Training set score: 0.66
Test set score: 0.64
Mean Cross-Validation, Kfold: -0.39


In [12]:
# GridSearchCV
from sklearn.pipeline import make_pipeline
from sklearn.model_selection import GridSearchCV
from sklearn.preprocessing import StandardScaler

svc_pipe = make_pipeline(StandardScaler(), svm.SVC())

svc_param_grid = {'C': np.arange(0, 20, 1),
              'gamma': np.arange(0.01, 1, 0.05),
                 }

svc_grid = GridSearchCV(svc_pipe, svc_param_grid, cv=kfold).fit(X_train, y_train)

print("Test set Score: {:.2f}".format(svc_grid.score(X_test, y_test)))
#print("Best Cross-Validation Score: {:.2f}".format(svc_grid.best_score_))
print("Best Parameter: {}".format(svc_grid.best_params_))

ValueError: Invalid parameter C for estimator Pipeline(steps=[('standardscaler', StandardScaler()), ('svc', SVC())]). Check the list of available parameters with `estimator.get_params().keys()`.

#### Decision Tree

In [13]:
from sklearn.tree import DecisionTreeClassifier

tree_class = DecisionTreeClassifier(random_state=0)
tree_class.fit(X_train, y_train)
tree_class.score(X_test, y_test)

0.8954758190327613

In [14]:
from sklearn.model_selection import KFold
from sklearn.model_selection import cross_val_score
from sklearn.model_selection import GridSearchCV

kfold = KFold(n_splits = 10, shuffle = True, random_state = 5)
max_depth = {'max_depth': np.arange(1, 20, 1)}
tree = DecisionTreeClassifier()
grid_dec_tree = GridSearchCV(tree, param_grid = max_depth, cv = kfold)
grid_dec_tree.fit(X_train, y_train)
cv_dec_tree = cross_val_score(grid_dec_tree, X_train, y_train)

print("Decision Tree Model KFold cross validation average score is: {:.3f}".format(np.mean(cv_dec_tree)))
print("Best mean cross-validation score of decision tree: {:.3f}".format(grid_dec_tree.best_score_))
print("Best parameter of decision tree: {}".format(grid_dec_tree.best_params_))

Decision Tree Model KFold cross validation average score is: 0.862
Best mean cross-validation score of decision tree: 0.881
Best parameter of decision tree: {'max_depth': 17}


#### Random Forest

In [15]:
from sklearn.ensemble import RandomForestClassifier

forest_classifier = RandomForestClassifier(random_state=0)
forest_classifier.fit(X_train, y_train)
forest_classifier.score(X_test, y_test)

0.906396255850234

In [16]:
from sklearn.model_selection import KFold
from sklearn.model_selection import cross_val_score
from sklearn.model_selection import GridSearchCV

kfold = KFold(n_splits = 10, shuffle = True, random_state = 5)
max_depth = {'max_depth': np.arange(1, 20, 1)}
forest = RandomForestClassifier()
grid_forest = GridSearchCV(forest, param_grid = max_depth, cv = kfold)
grid_forest.fit(X_train, y_train)
cv_forest = cross_val_score(grid_forest, X_test, y_test)
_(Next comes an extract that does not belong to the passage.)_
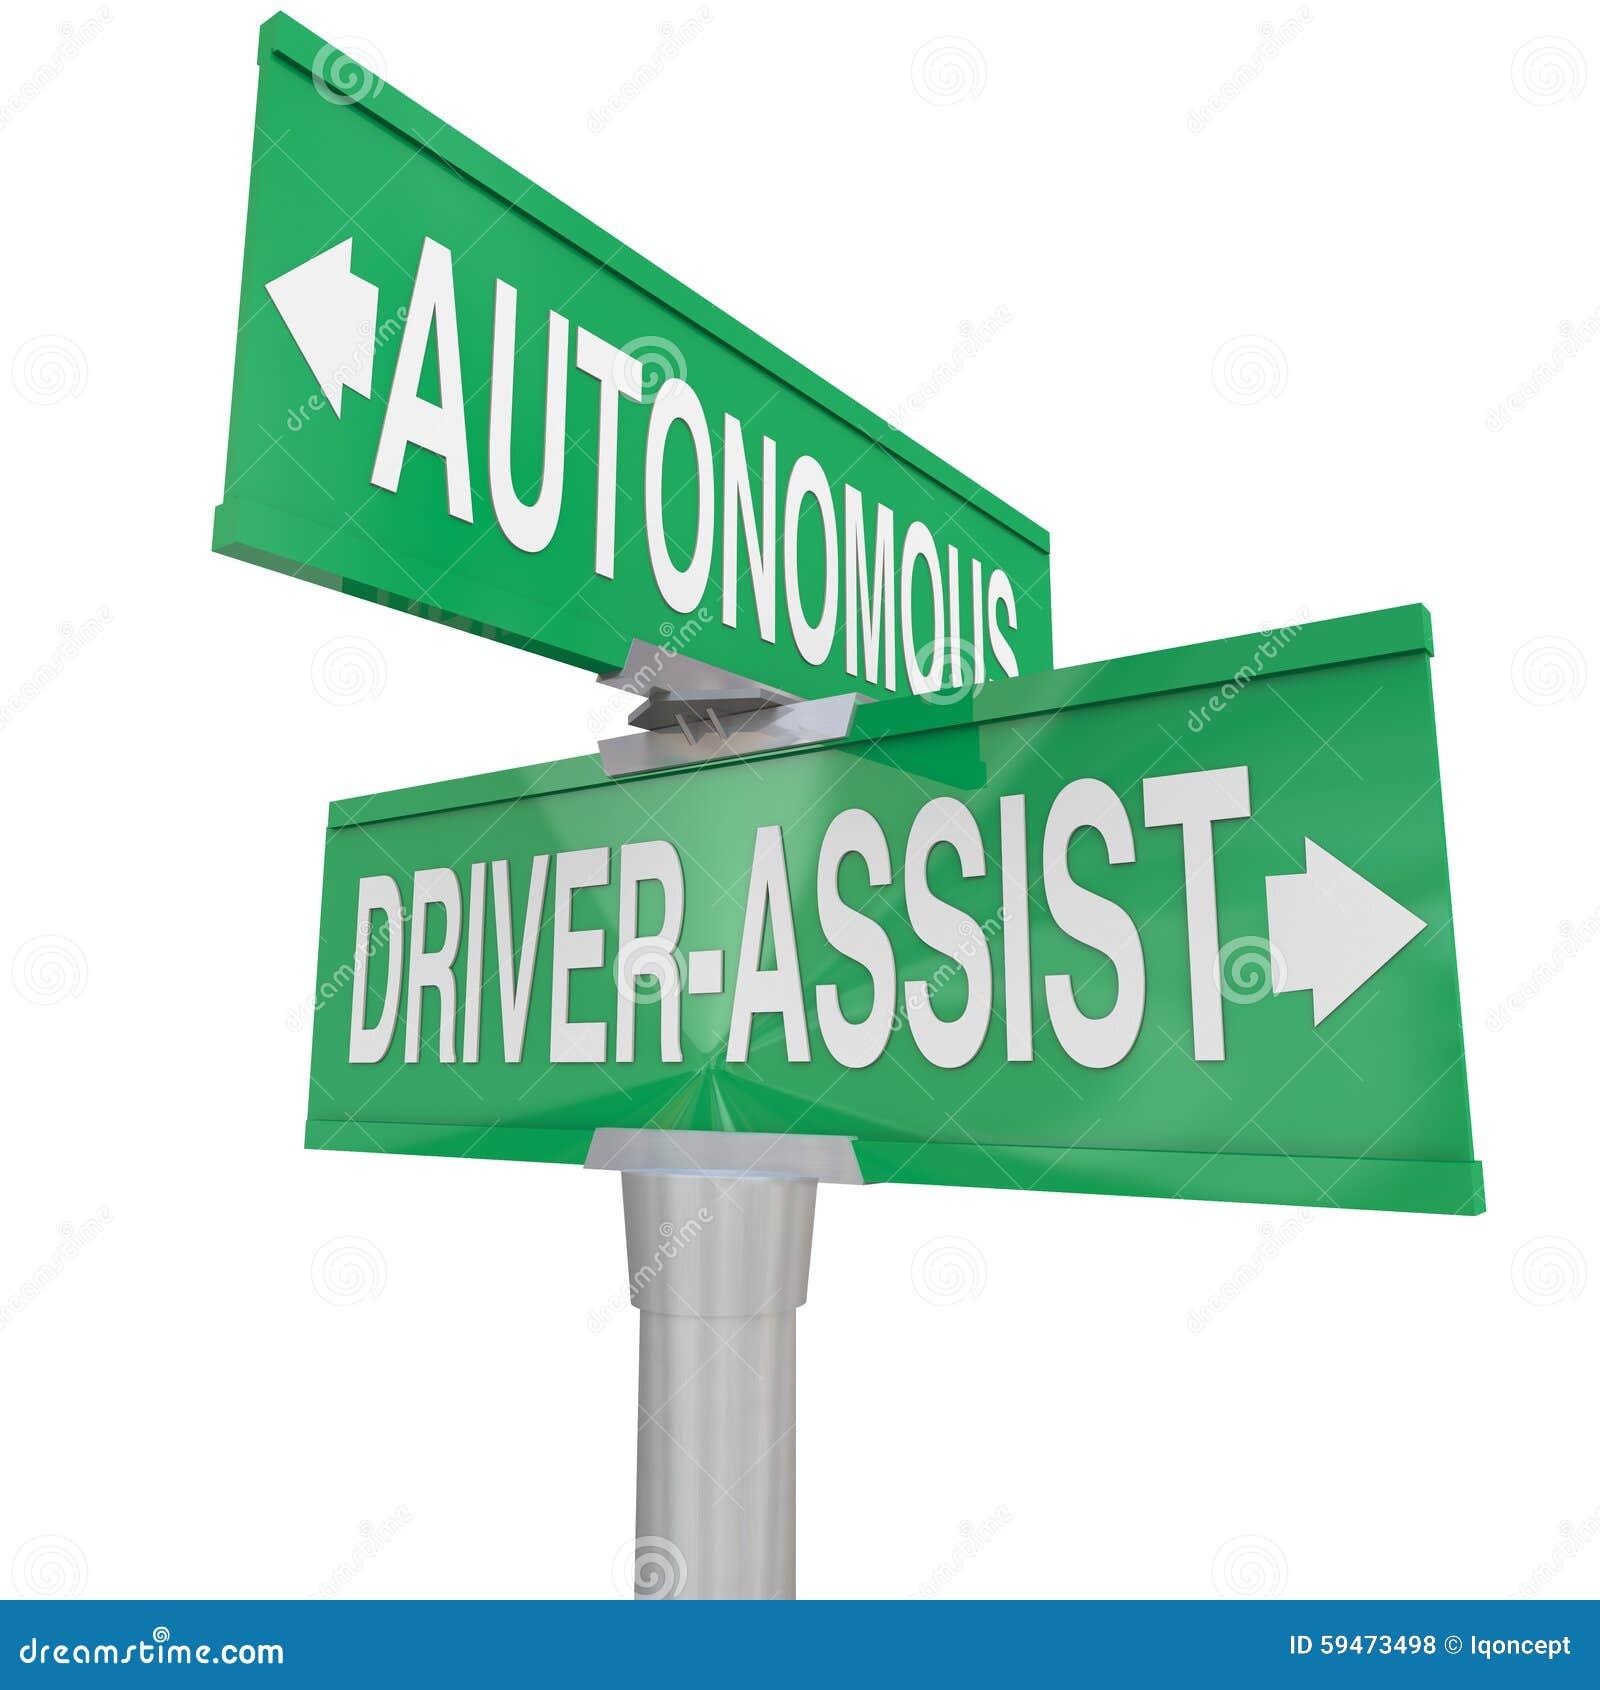 autonomous driving vs driver assist features technologies car ro stock illustration image. Black Bedroom Furniture Sets. Home Design Ideas

print("Random Forest Model KFold cross validation average score is: {:.3f}".format(np.mean(cv_forest)))
print("Best mean cross-validation score of Random Forest: {:.3f}".format(grid_forest.best_score_))
print("Best parameter of Random Forest: {}".format(grid_forest.best_params_))
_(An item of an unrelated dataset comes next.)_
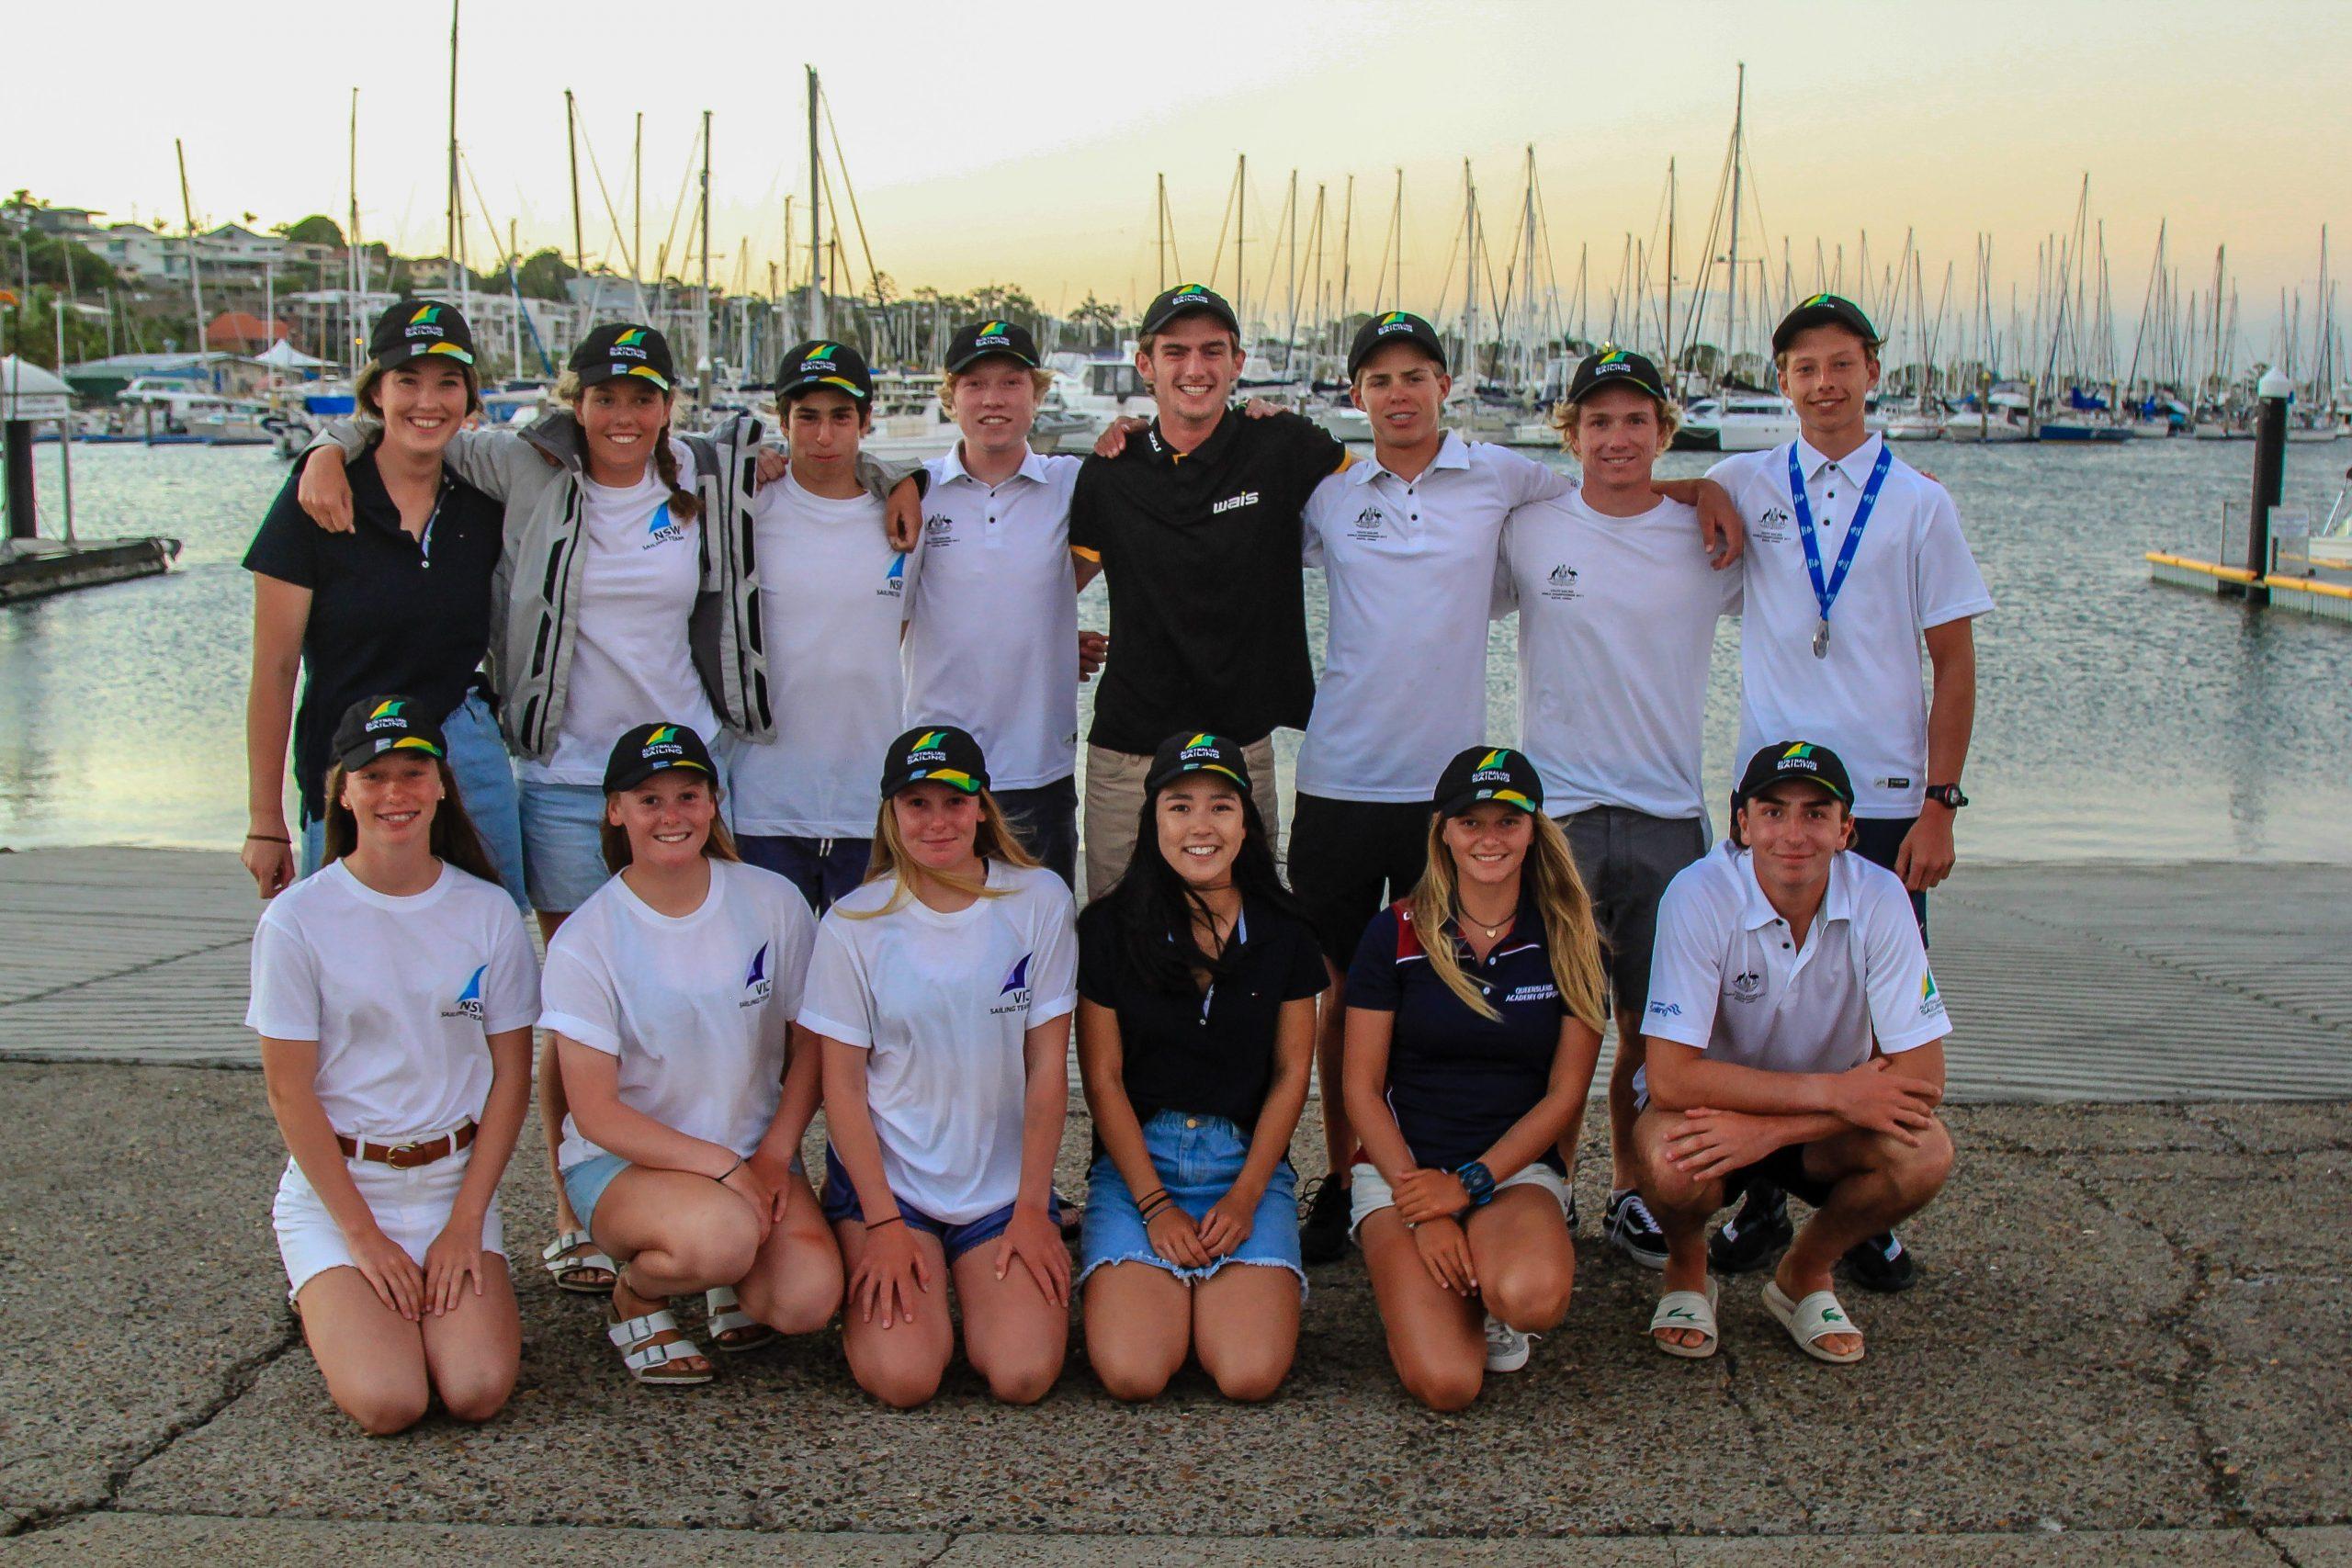 2018 Australian Youth Team. Photo Australian Sailing.

Random Forest Model KFold cross validation average score is: 0.789
Best mean cross-validation score of Random Forest: 0.901
Best parameter of Random Forest: {'max_depth': 16}


**Conclusion:**
- Random Forest has the highest score using the original model, but its cross validation score is not high, which means it might be unstable, so I might need to compare decision tree and random forest.
- The best parameter for random forest is when the max depth equals to 16.